As New York State’s 2023 Legislative Session continues, members of the Senate and Assembly Republican Conference gathered in Albany to advocate for criminal justice initiatives in the Rescue New York legislative agenda.
The agenda prioritizes a “Safer, Stronger, More Affordable and More Free New York” with what Republican lawmakers have described as common sense solutions to things like bail reform and the academic gaps created by the COVID-19 pandemic.
The Safer New York proposal seeks to reverse legislation like HALT and Raise the Age, reject proposals like the Clean Slate Act, reduce gun crimes and invest in law enforcement. Lawmakers maintain that a rise in crime can be combated by allowing judges to set bail, ensuring Raise the Age prosecutes 16 and 17-year-olds with gang or gun-related offenses as adults and supporting crime victims through lifetime protection orders.
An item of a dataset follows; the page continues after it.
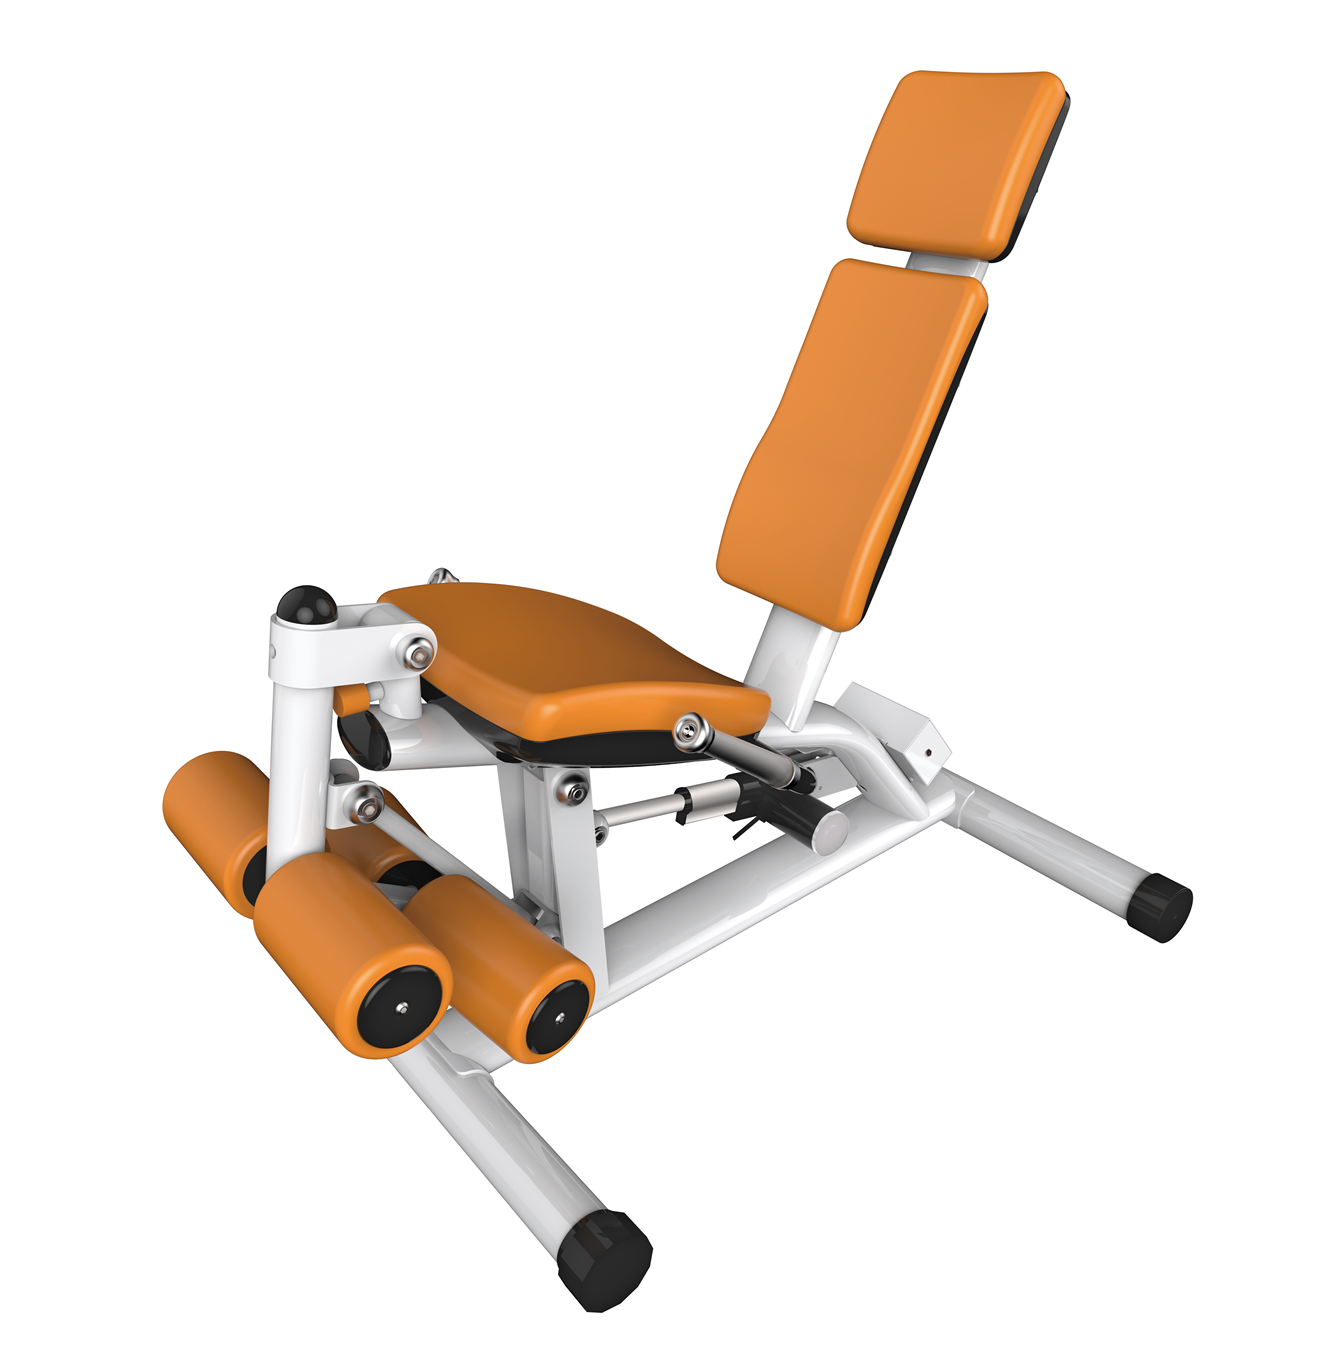 IRKF1606 leg flexion and extension training device
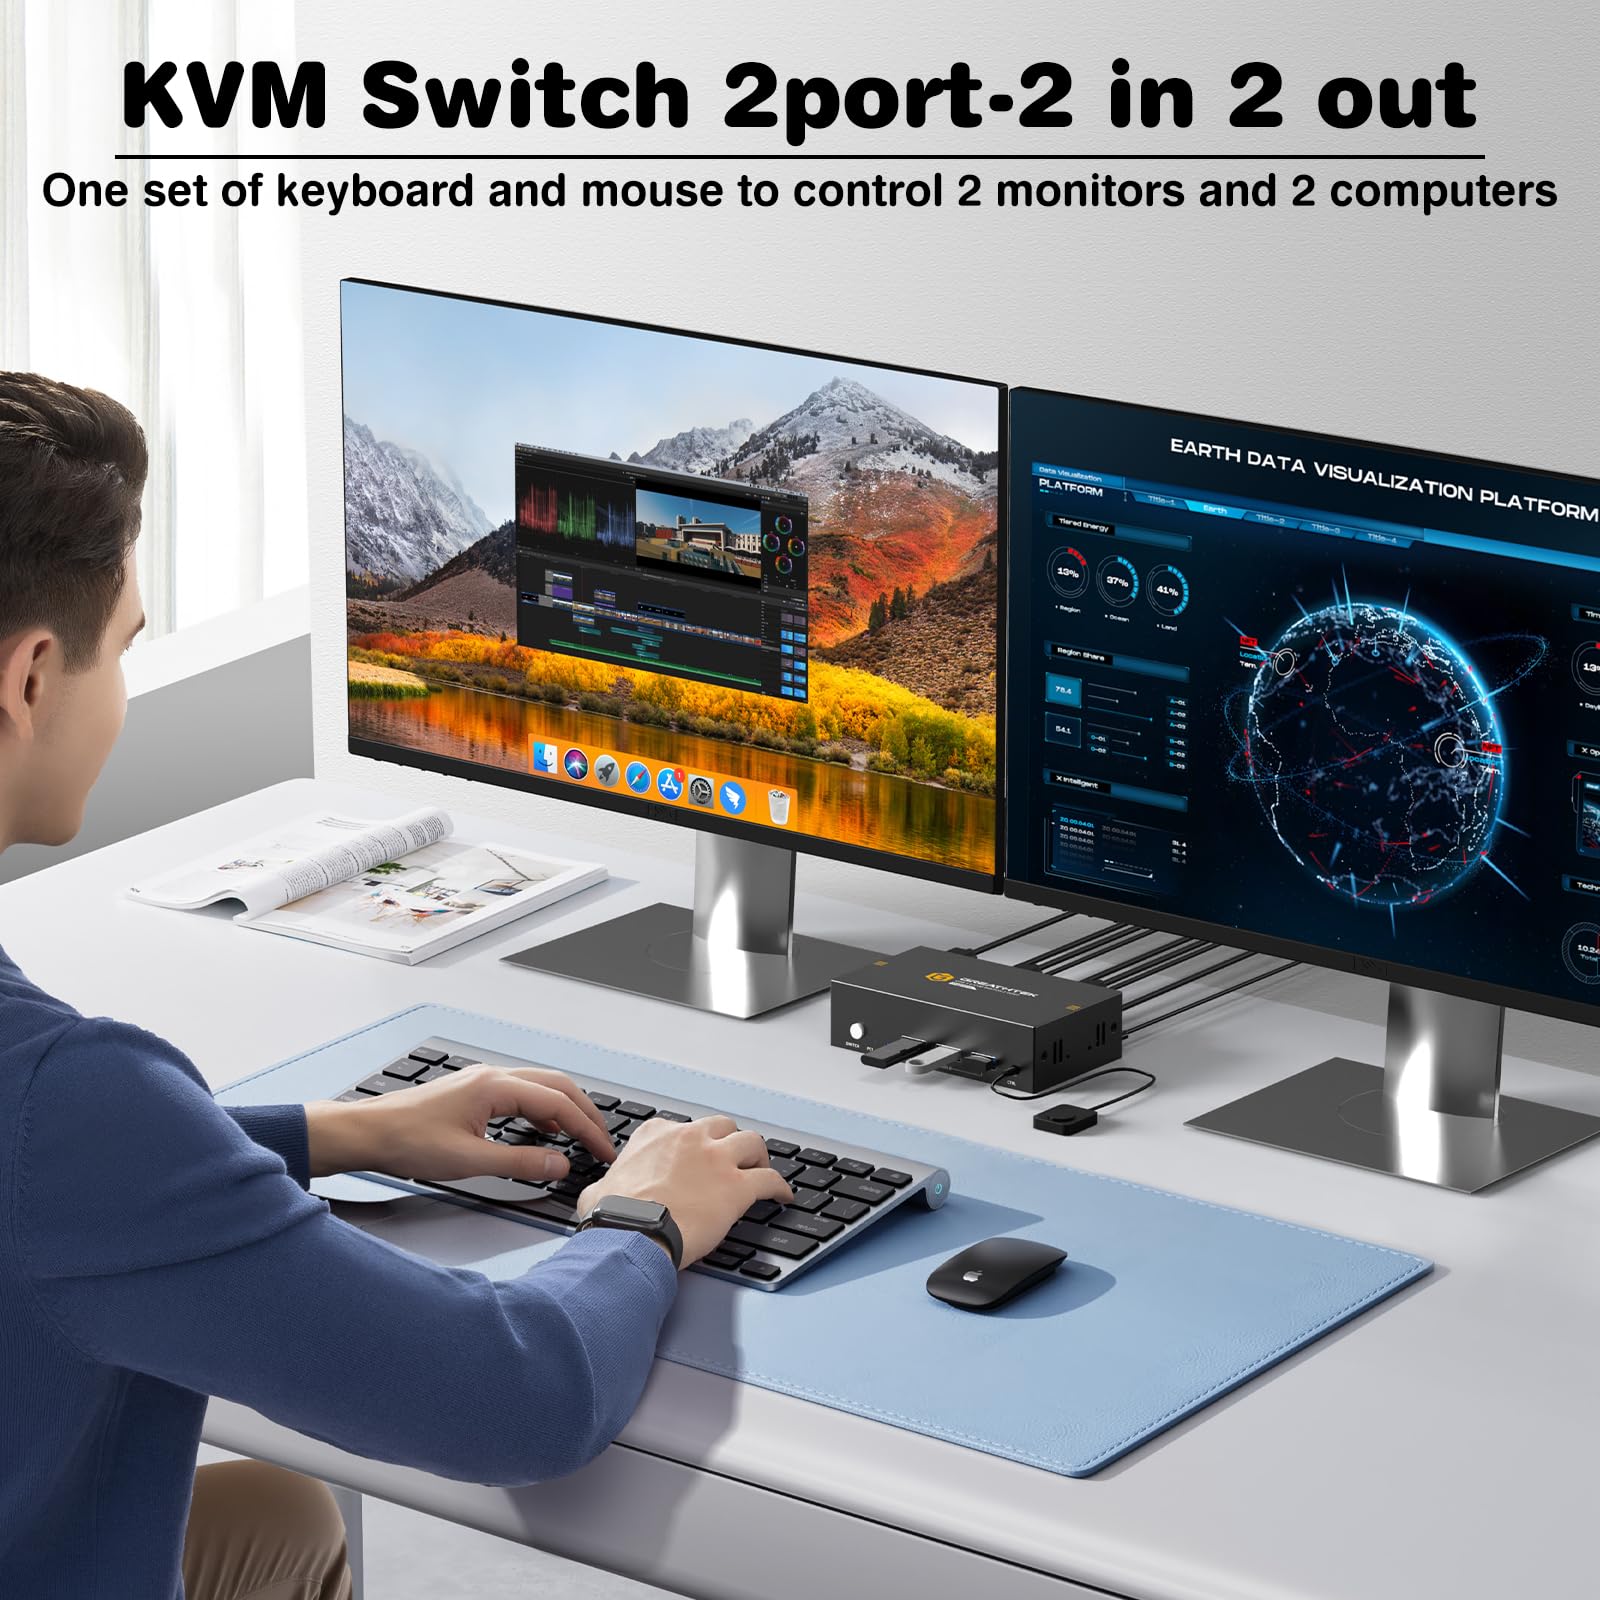 GREATHTEK HDMI KVM Switch 2 Port, 4 USB2.0 Ports, Ultra HD 4K@30Hz, 2 PCs Share 1 Set of Keyboard, Mouse and Monitor, Support Wireless Keyboard and Mouse

Tammy Patrick is the daughter of John Lee, a 77-year-old man who was murdered. Patrick says the person convicted of killing him was released hours before the crime occurred.
“It’s time to give discretion back to the judges and keep violent criminals off our streets,” Tammy Patrick said.
“Although nothing will change for my family, I am hoping to save other families from the trauma and grief that we have experienced.”
Sen. Tom O’Mara, who serves New York State’s Southern Tier, referenced his days as a prosecutor as he spoke of what he calls “the consequences of having no consequences.
“A good portion of the reforms of bail and discovery could have reasonably and rationally been done without the consequences that we see here,” the senator said. “It’s the extremes that are controlling both houses of the state legislature; they go too far and have gone too far.”
The criminal justice reform policies in question are HALT and Raise the Age. The Human Alternatives to Long Term Solitary Confinement Act puts a 15 day restriction on segregated confinement, creates therapeutic alternatives to segregated confinement and bans segregated confinement for inmates from vulnerable populations. Raise the Age legislation prohibited children under 18-years-old from being prosecuted in New York State. Assm. Minority Leader Will Barclay serves the 120th district, he said these bail reform policies did not have the intended impact.
“Unfortunately with these criminal justice reforms – whether you call it bail reform, Raise the Age, etcetera – they are actually making things worse. Because of these reforms, we’ve compromised public safety, we’ve undermined law enforcement’s ability to do their job and we hamstrung judges by stripping away their ability to keep imprisoned violent criminals without bail,” Leader Barclay said.
The Rescue New York package created initiatives are organized by the following: A Safer New York, A Stronger New York, A More Affordable New York, and More Free New York.